How Fly Fishing Saved a Veteran’s Life
Army veteran Kyle Chanitz spent two and a half years deployed in Afghanistan, where he saw intense fighting and suffered concussions that led to seizures. When he returned to the U.S., he started taking college classes, but then dropped out to follow the jam band Phish around the country.
He spent 18 months on the road, got into drugs and spiraled out of control.
I had eight accidental heroin overdoses in a year,” Chanitz said. “And the whole time it was like, man, I don’t want to be doing this.”
Then one day, Chanitz was driving through Richmond, Virginia, on his way to the beach when he said he saw a sign for a Veterans Affairs hospital. He was in the midst of a methamphetamine binge and felt suicidal. Chanitz pulled over at a Walmart and convinced his meth-maker, who was riding with him, to get out of the car. Then he drove off to check himself into the hospital.
The VA moved him to a facility in Salem, Virginia, which sits at the eastern gateway to central Appalachia. After rehab, Chanitz tried to settle into life in the Roanoke Valley. He spent a lot of time in programs for disabled vets. He was learning how to garden when someone told him about Project Healing Waters, a fly-fishing program for disabled vets.

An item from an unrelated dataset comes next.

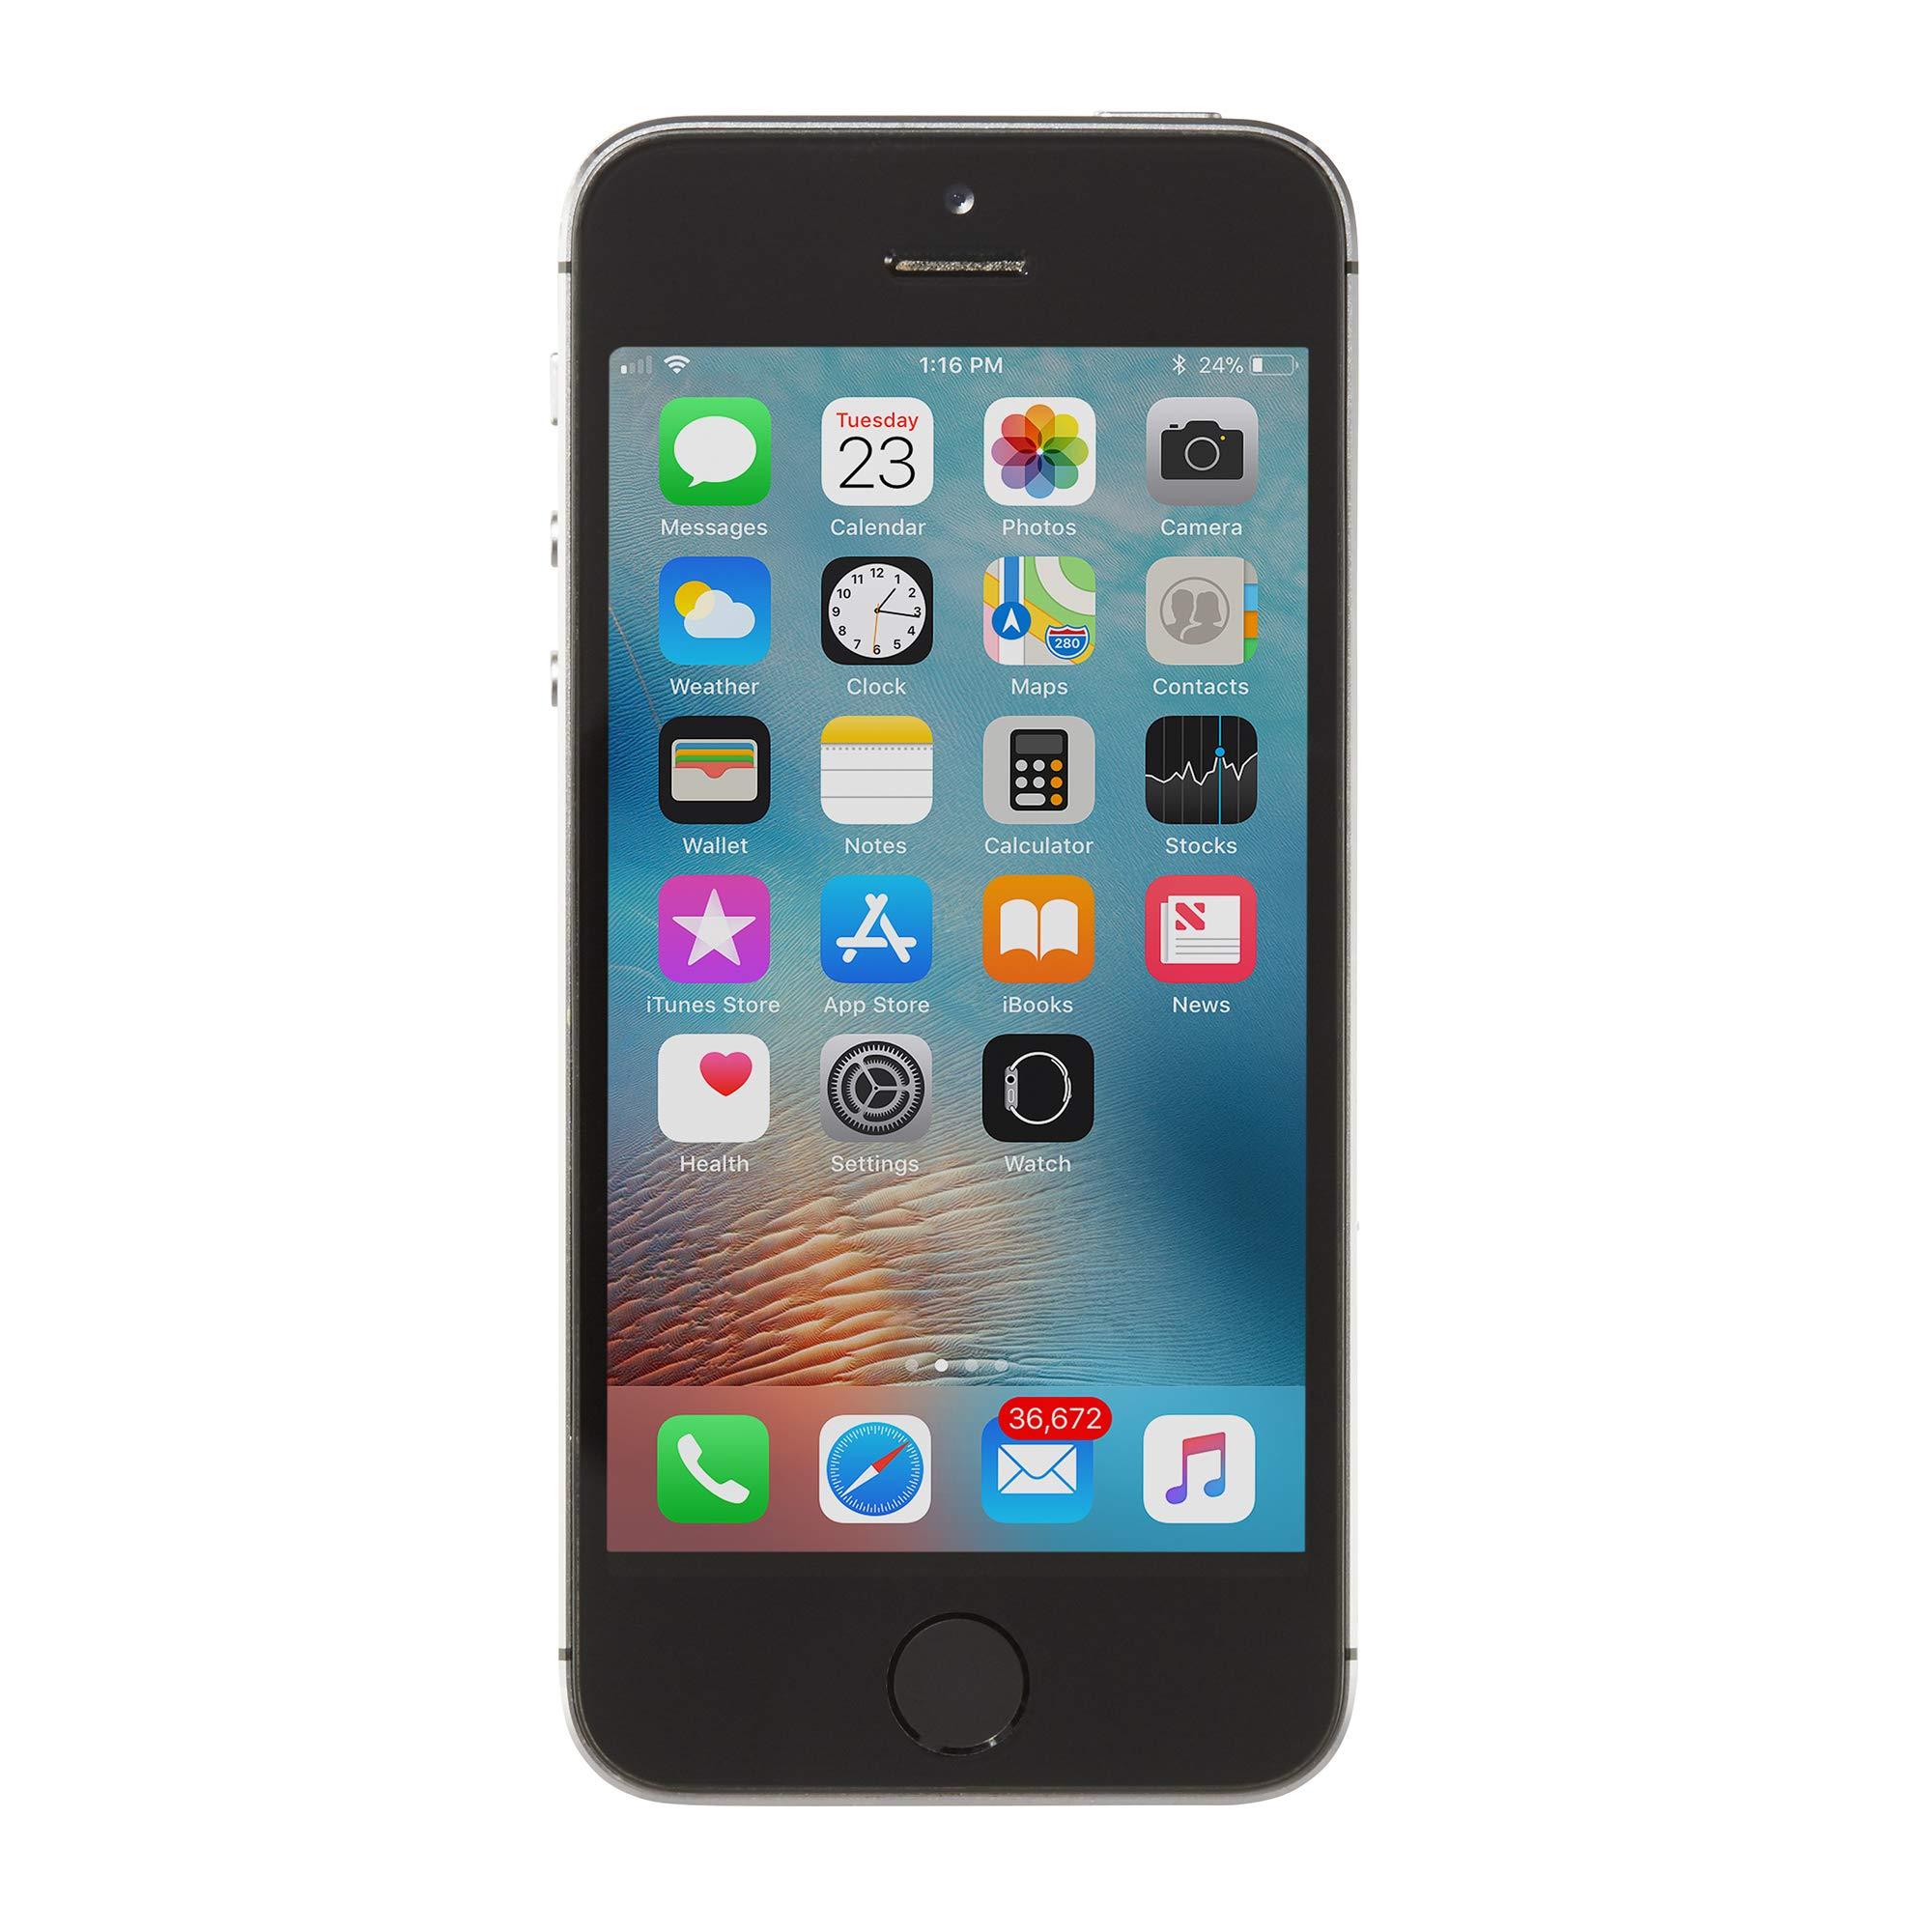 Apple Iphone 5s Amazon

“We take vets that have never fished, and we walk them into the middle of the river, and it just washes over them,” said Bob Crawshaw, a Navy veteran who works with Project Healing Waters. “They just relax. They just go … whoooooooo.”
The program is designed to tap into the veterans’ situational awareness—the training that soldiers need to stay alive in a combat situation, but which can become intolerable when they return home to civilian life. In Afghanistan, Chanitz was usually the first guy through the door when his unit was searching for enemy combatants. He was trained to immediately process his surroundings and detect potential threats — a stray wire, a person holding a gun or knife.
But you can’t just turn that off after leaving the military. Even today, seven years after he got out of the Army, Chanitz said his eyes still dart around, followed by his arms and upper torso. It’s the muscle memory of maneuvering with a bullet-proof vest and rifle.
Crawshaw said that fly fishing takes those instincts and applies them to a serene, peaceful environment.